Department of Molecular Physiology and Biophysics, Center for Human Genetics Research, Vanderbilt University School of Medicine, Nashville, Tennessee, United States of America.
PLoS One. 2011 May 11;6(5):e19586. doi: 10.1371/journal.pone.0019586.
Genome-wide association studies (GWAS) are routinely being used to examine the genetic contribution to complex human traits, such as high-density lipoprotein cholesterol (HDL-C). Although HDL-C levels are highly heritable (h(2)∼0.7), the genetic determinants identified through GWAS contribute to a small fraction of the variance in this trait. Reasons for this discrepancy may include rare variants, structural variants, gene-environment (GxE) interactions, and gene-gene (GxG) interactions. Clinical practice-based biobanks now allow investigators to address these challenges by conducting GWAS in the context of comprehensive electronic medical records (EMRs). Here we apply an EMR-based phenotyping approach, within the context of routine care, to replicate several known associations between HDL-C and previously characterized genetic variants: CETP (rs3764261, p = 1.22e-25), LIPC (rs11855284, p = 3.92e-14), LPL (rs12678919, p = 1.99e-7), and the APOA1/C3/A4/A5 locus (rs964184, p = 1.06e-5), all adjusted for age, gender, body mass index (BMI), and smoking status. By using a novel approach which censors data based on relevant co-morbidities and lipid modifying medications to construct a more rigorous HDL-C phenotype, we identified an association between HDL-C and TRIB1, a gene which previously resisted identification in studies with larger sample sizes. Through the application of additional analytical strategies incorporating biological knowledge, we further identified 11 significant GxG interaction models in our discovery cohort, 8 of which show evidence of replication in a second biobank cohort. The strongest predictive model included a pairwise interaction between LPL (which modulates the incorporation of triglyceride into HDL) and ABCA1 (which modulates the incorporation of free cholesterol into HDL). These results demonstrate that gene-gene interactions modulate complex human traits, including HDL cholesterol.

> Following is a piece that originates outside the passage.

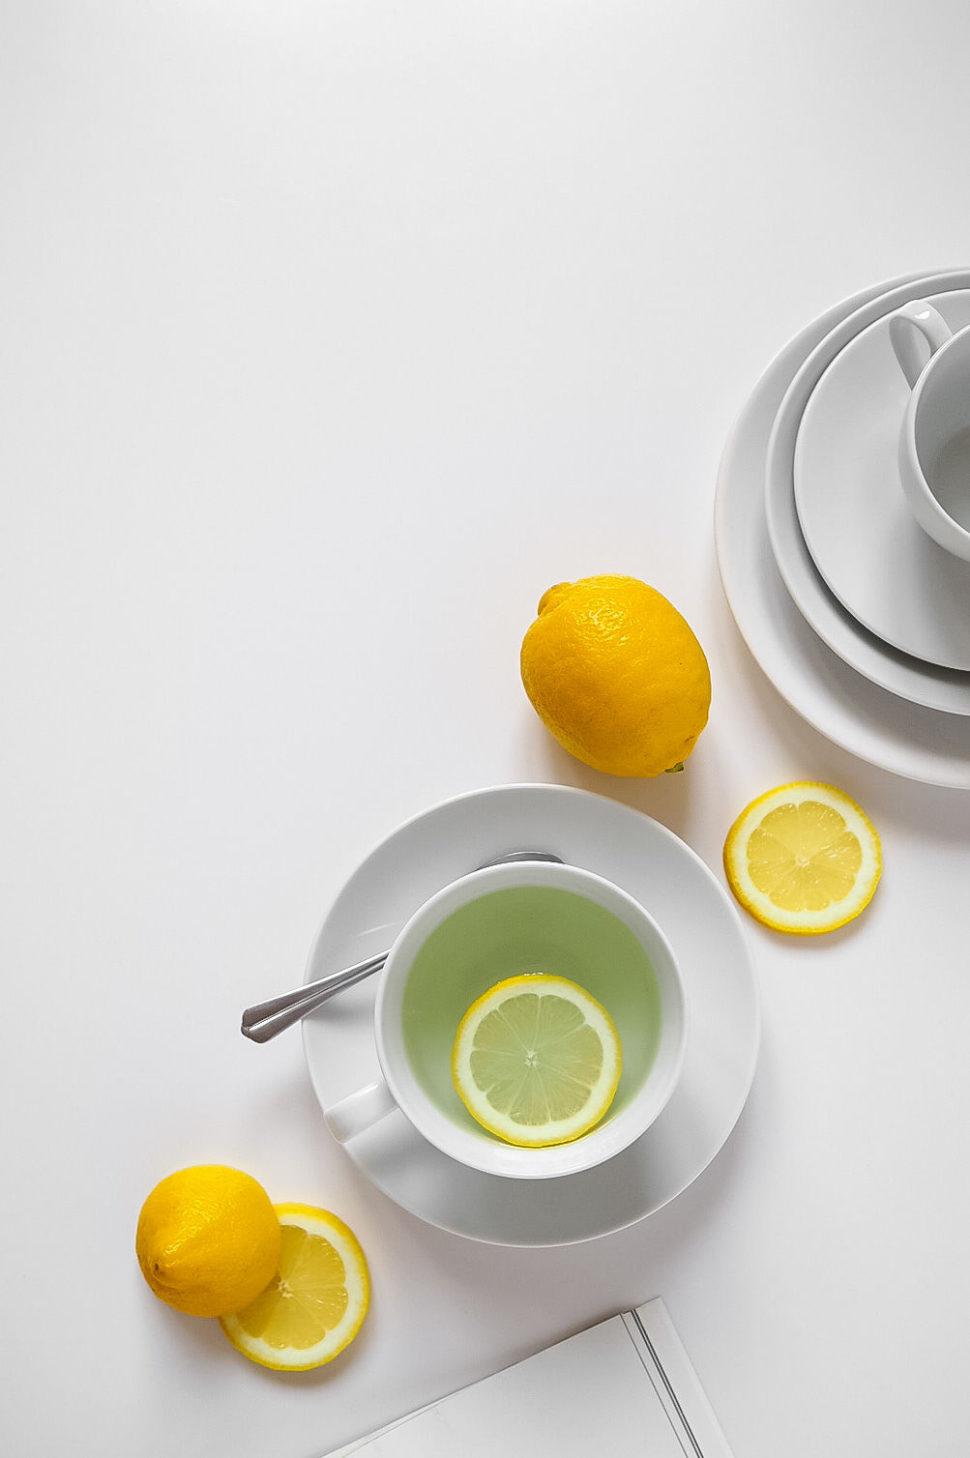 Minimal flatlay with lemons

全基因组关联研究(GWAS)常用于研究遗传因素对复杂人类特征(如高密度脂蛋白胆固醇(HDL-C))的贡献。尽管 HDL-C 水平具有高度遗传性(h(2)∼0.7),但通过 GWAS 鉴定的遗传决定因素仅对该特征的一小部分变异有贡献。造成这种差异的原因可能包括罕见变异、结构变异、基因-环境(GxE)相互作用和基因-基因(GxG)相互作用。临床实践为基础的生物库现在允许研究人员通过在全面的电子病历(EMR)背景下进行 GWAS 来解决这些挑战。在这里,我们应用基于 EMR 的表型分析方法,在常规护理的背景下,复制了几个先前已知的 HDL-C 与先前表征的遗传变异之间的关联:CETP(rs3764261,p=1.22e-25),LIPC(rs11855284,p=3.92e-14),LPL(rs12678919,p=1.99e-7)和 APOA1/C3/A4/A5 基因座(rs964184,p=1.06e-5),所有这些都针对年龄、性别、体重指数(BMI)和吸烟状况进行了调整。通过使用一种新的方法,根据相关合并症和脂质调节药物对数据进行 censoring,构建更严格的 HDL-C 表型,我们鉴定出 HDL-C 与 TRIB1 之间存在关联,TRIB1 是一个先前在更大样本量研究中难以识别的基因。通过应用纳入生物学知识的额外分析策略,我们在发现队列中进一步鉴定了 11 个显著的 GxG 相互作用模型,其中 8 个在第二个生物库队列中显示出复制的证据。最强的预测模型包括 LPL(调节甘油三酯向 HDL 的掺入)和 ABCA1(调节游离胆固醇向 HDL 的掺入)之间的成对相互作用。这些结果表明,基因-基因相互作用调节复杂的人类特征,包括高密度脂蛋白胆固醇。